7. An application orchestration scheduling device based on a computing network, the device comprising:

the first-level application scheduler is used for sending a query request to the computational network arrangement layer according to the computational power request, acquiring computational power arrangement information and network routing information sent by the computational network arrangement layer, and determining a target data center corresponding to the computational power request;

an application controller of a target data center is used for receiving a first scheduling instruction sent by the primary application scheduler, pulling an application mirror image from a mirror image warehouse of the target data center, and synchronizing the application mirror image from a mirror image warehouse of an original data center to a mirror image warehouse of the target data center; and creating an application instance according to the application image.

8. The apparatus of claim 7, wherein the apparatus further comprises:

The computing network perception layer is used for acquiring real-time perception information of each data center and registering the real-time perception information to the computing network arrangement layer, wherein the real-time perception information comprises computing power information and network information;

the computing network arrangement layer is used for carrying out computing power arrangement and network route planning according to the computing power information and the network information after the primary application scheduler sends a query request to the computing network arrangement layer according to the computing power request, obtaining computing power arrangement information and network route information, and sending the computing power arrangement information and the network route information to the primary application scheduler.
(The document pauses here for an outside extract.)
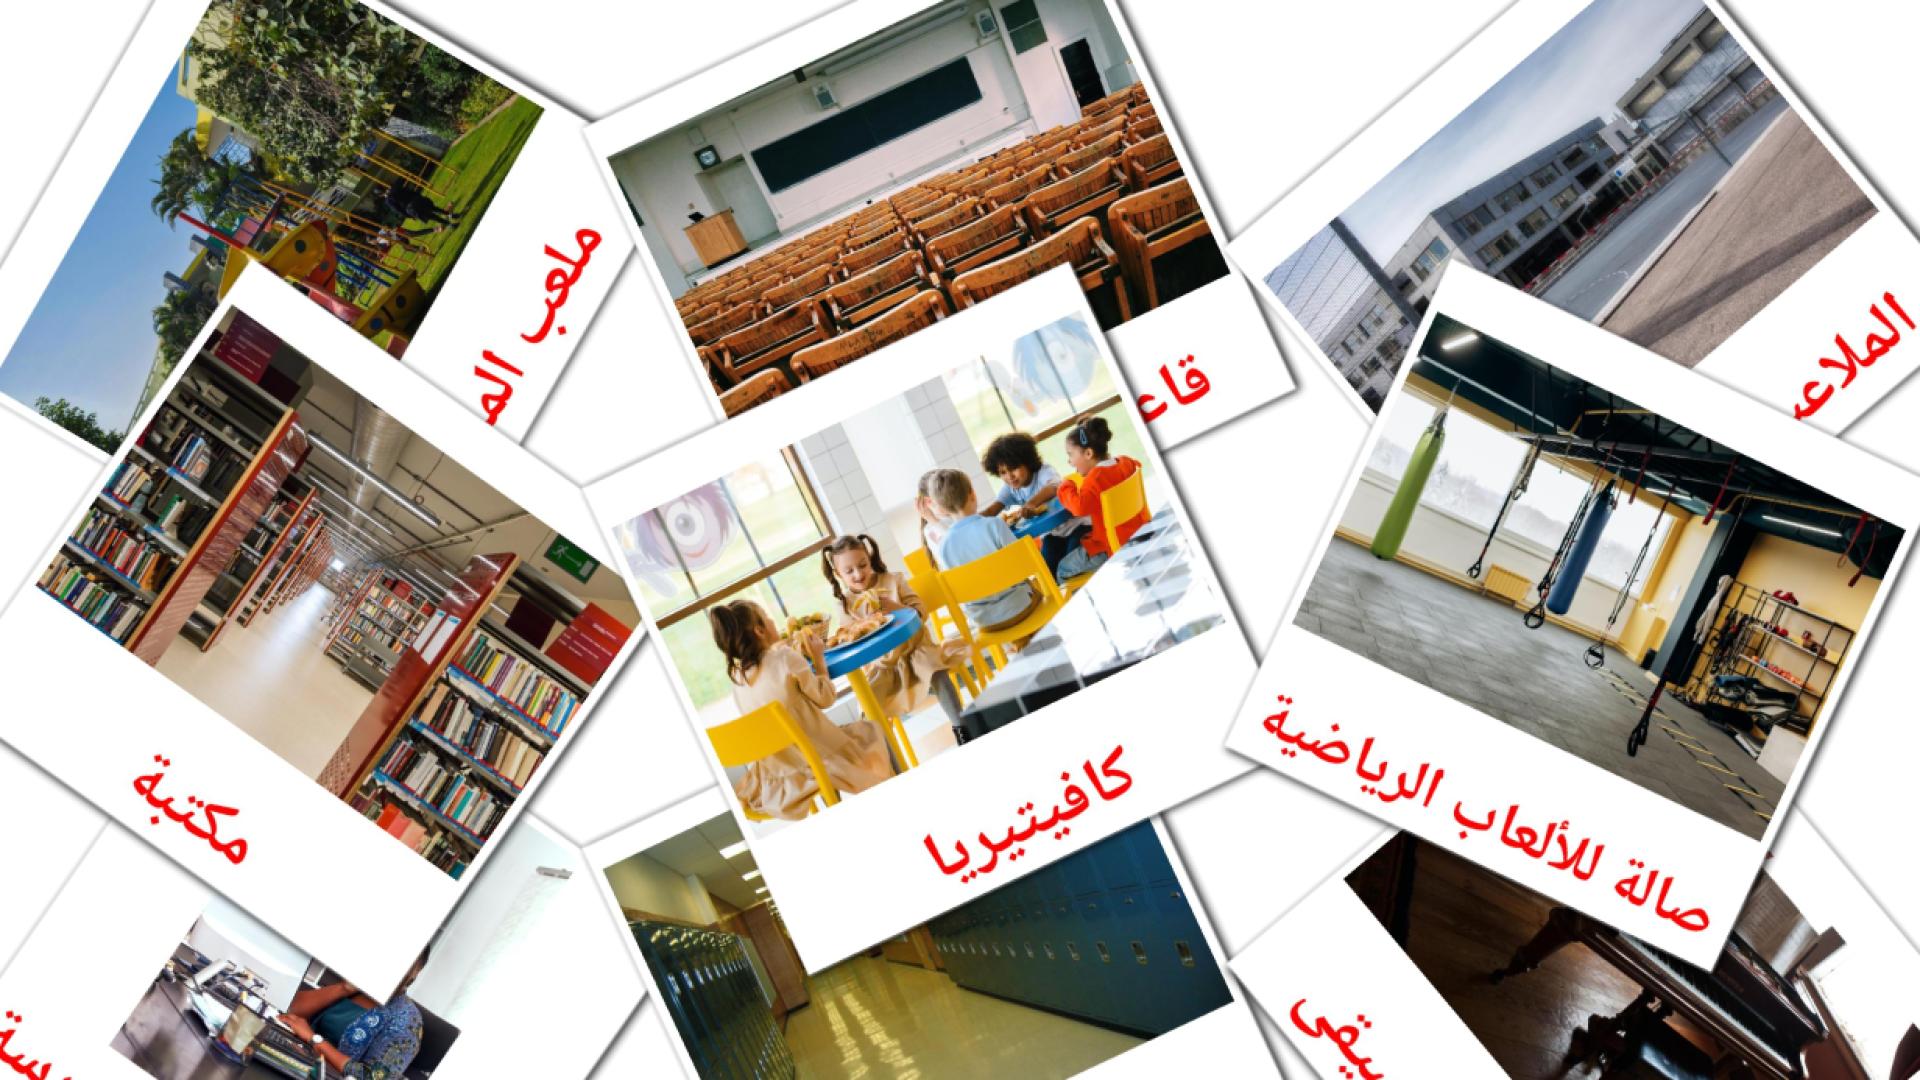 School building - arabic vocabulary cards

9. An application orchestration scheduling device, comprising: the device comprises a processor, a memory, a communication interface and a communication bus, wherein the processor, the memory and the communication interface complete communication with each other through the communication bus;

the memory is configured to store at least one executable instruction that causes the processor to perform the operations of the power network-based application orchestration scheduling method according to any one of claims 1-6.

10. A computer readable storage medium, wherein at least one executable instruction is stored in the storage medium, which when run on an application orchestration scheduling device, causes the application orchestration scheduling device to perform the operations of the computing-network-based application orchestration scheduling method according to any one of claims 1-6.